I had this kind of outrageous, serious algae outbreak when I tried to switch my 75g tank from E.I. to PPS pro. It was _so_ horrendous, I had to throw the towel in on it!!!!!

I eventually trashed every plant from that tank; with the sole exception of one crypt. AND w/ the help of my local plant club, I had been collecting some pretty new and really hot, rare plants!!!!! BLAAHHHH!!!! @#$**!#@!!! TTTHHHHTTTTT!


----------



## ray-the-pilot (May 14, 2008)

You have a pregnant female. All that algae is good for her. Hope you have a male so she can spawn for you.


----------



## MatPat (Mar 22, 2004)

I had the same experience when switching from EI to the PPS several years ago. A lot of stunting, large amount of algae, etc. etc. While I like the idea of little to no water changes, I just couldn't take the algae and poor plant growth at the time since it was in my display tank. I assume there were things I did wrong but it was too time consuming for me at the time...EI is just so easy. 
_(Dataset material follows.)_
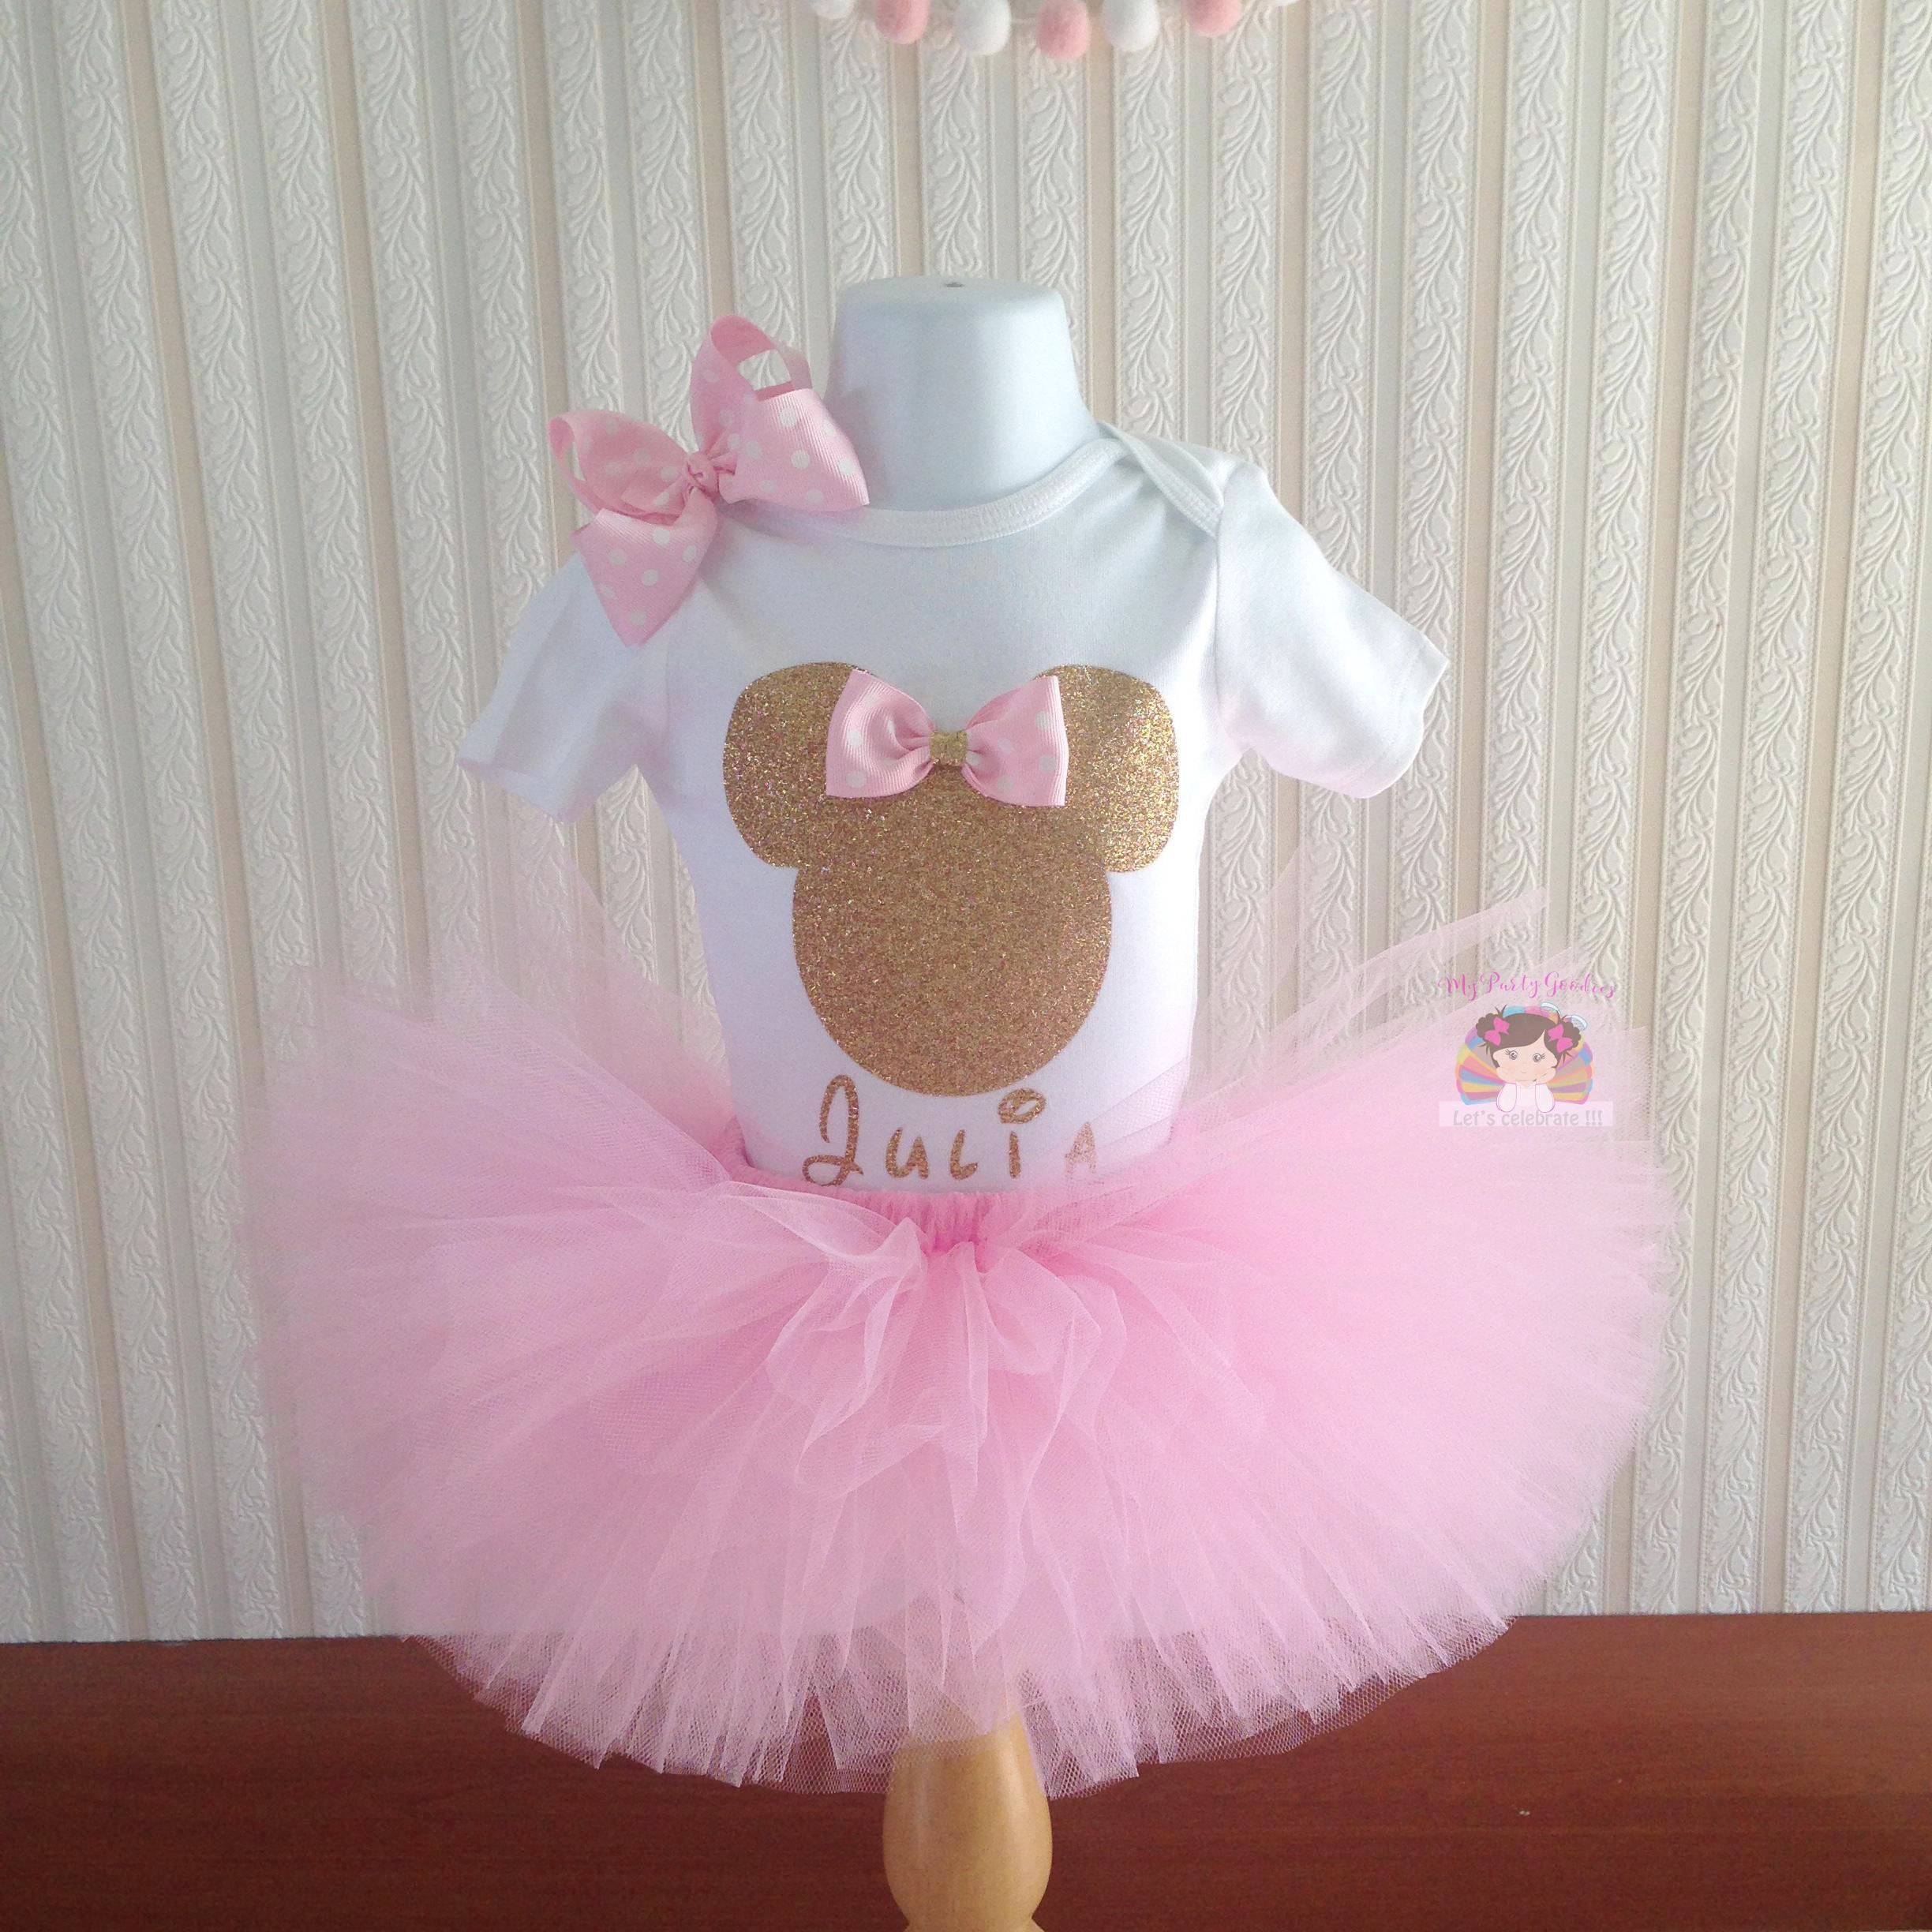 Baby Pink and Gold Minnie Mouse Tutu Set-First Pink birthday outfit

I've been wanting to try PPS again and probably will once I set up another plant tank. I'm not going to judge that fert regime on my one try at it since a lot of people have success with it.


----------



## Brilliant (Jun 25, 2006)

I had the same issue. I dose "EI" per say but my tank is not overloaded with nutrients. I gave PPS a longer chance knowing about this transition but after 90% of my plants were taken over by that same algae you posted I quit and will never look back. I lost way too many plants and would highly advise people to avoid it if "EI" is working for them. If you want to go lean and change less water just cut your dosing down little by little instead of leaving the regimen.... If you ask me any dosing solution that contains calcium or magnesium is no good. If you decide to meddle with those two it should be in source water or substrate of aquarium.


----------



## Left C (Jun 14, 2005)

I've read that some people double the amount of KH2PO4 used in the PPS-Pro solution to help with some algae problems.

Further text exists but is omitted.